Is Spotify poisonous to the music industry? The Black Keys, Coldplay and a multitude of other bands seem to think so. The Black Keys are one of the bands who most strongly oppose Spotify, pulling their last two albums from the service. The reason musicians often criticize Spotify is usually due to seemingly ridiculous low royalties. Thom Yorke, the lead singer for Radiohead, has famously ridiculed Spotify for being the “last fart of a dying corpse.”

However, the founder of Spotify, Daniel Elk, has been adamant that Spotify will be extremely profitable in the coming years and that already Spotify has paid out a large amount of royalties to musicians. Who’s right though? Contrary to many complaints made by anti-Spotify musicians, Spotify is possibly the saving grace for the industry.


Let’s say that Spotify isn’t a very profitable avenue for musicians to make money with; is it still making a positive impact on the industry? It seems to be the case that Spotify is not only good for the music industry, but one of its few hopes. Streaming services are transforming the pirating culture that has plagued the music industry for so long. Spotify has revived legal acquisition of music in places like Sweden and Norway where pirated music has dropped substantially.

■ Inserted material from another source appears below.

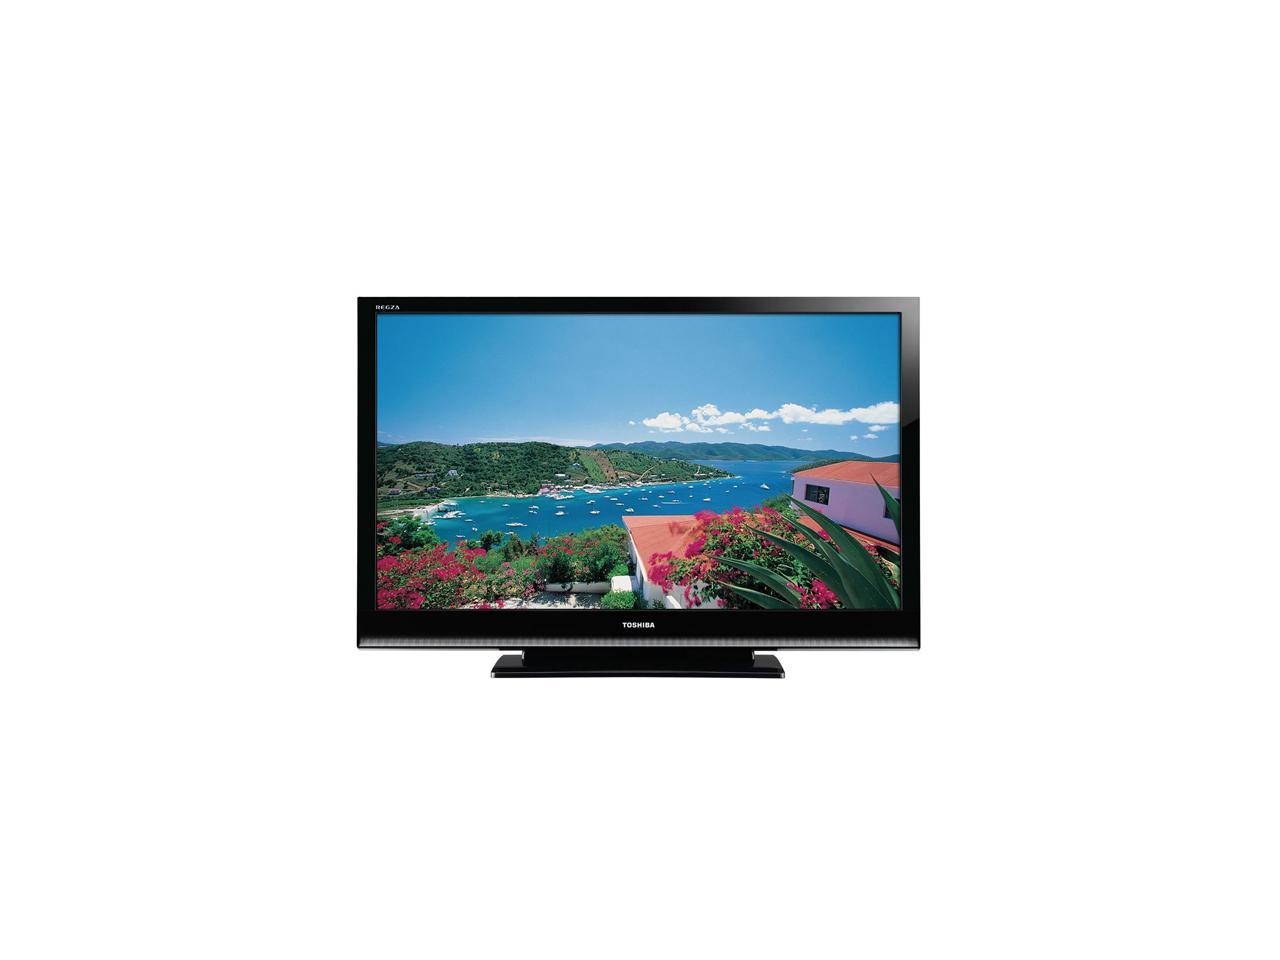 Toshiba Regza 52" 1080p 120Hz LCD HDTV - Newegg.com

Spotify seems to be more profitable than most bands think, though. Tim Worstall, a writer for Forbes, discovered that royalties by Spotify are much higher than other avenues of music sharing, such as royalties from radio. Royalties from Spotify seem to be 16 times the royalties from UK radio, which pays more than most other radio systems. Thom Yorke may dismiss claims that Spotify is actually a successful model for music distribution, but Dave Stewart, a man with four decades of experience in the music industry, says otherwise. He reversed his stance on Spotify, from claiming that he’d be better off selling albums out of a car, to supporting Spotify and its future.

It’s clear to see that Spotify is a controversial topic in the music industry. Musicians are split on whether Spotify works. I take the stance that Spotify is positive for the industry; for many it has revitalized paying for music and has made music extremely accessible. Spotify needs to be more transparent with their finances though that’s the real issue. While Spotify claims to pay out 70 percent of their revenue in royalties, many artists and industry insiders are vehement that Spotify just isn’t paying enough. It’s imperative to recognize that the royalties are paid out to the rights-holders, so the artists aren’t receiving all of those royalties.

So do musicians have a warped perception of how much money is Spotify is making them? Are musicians just being underpaid by rights-holders? Spotify needs be more transparent with their finances. They’ve got the right idea, though. Spotify is an unmatched service for listening and sharing music that will only lead to a better future for the music industry.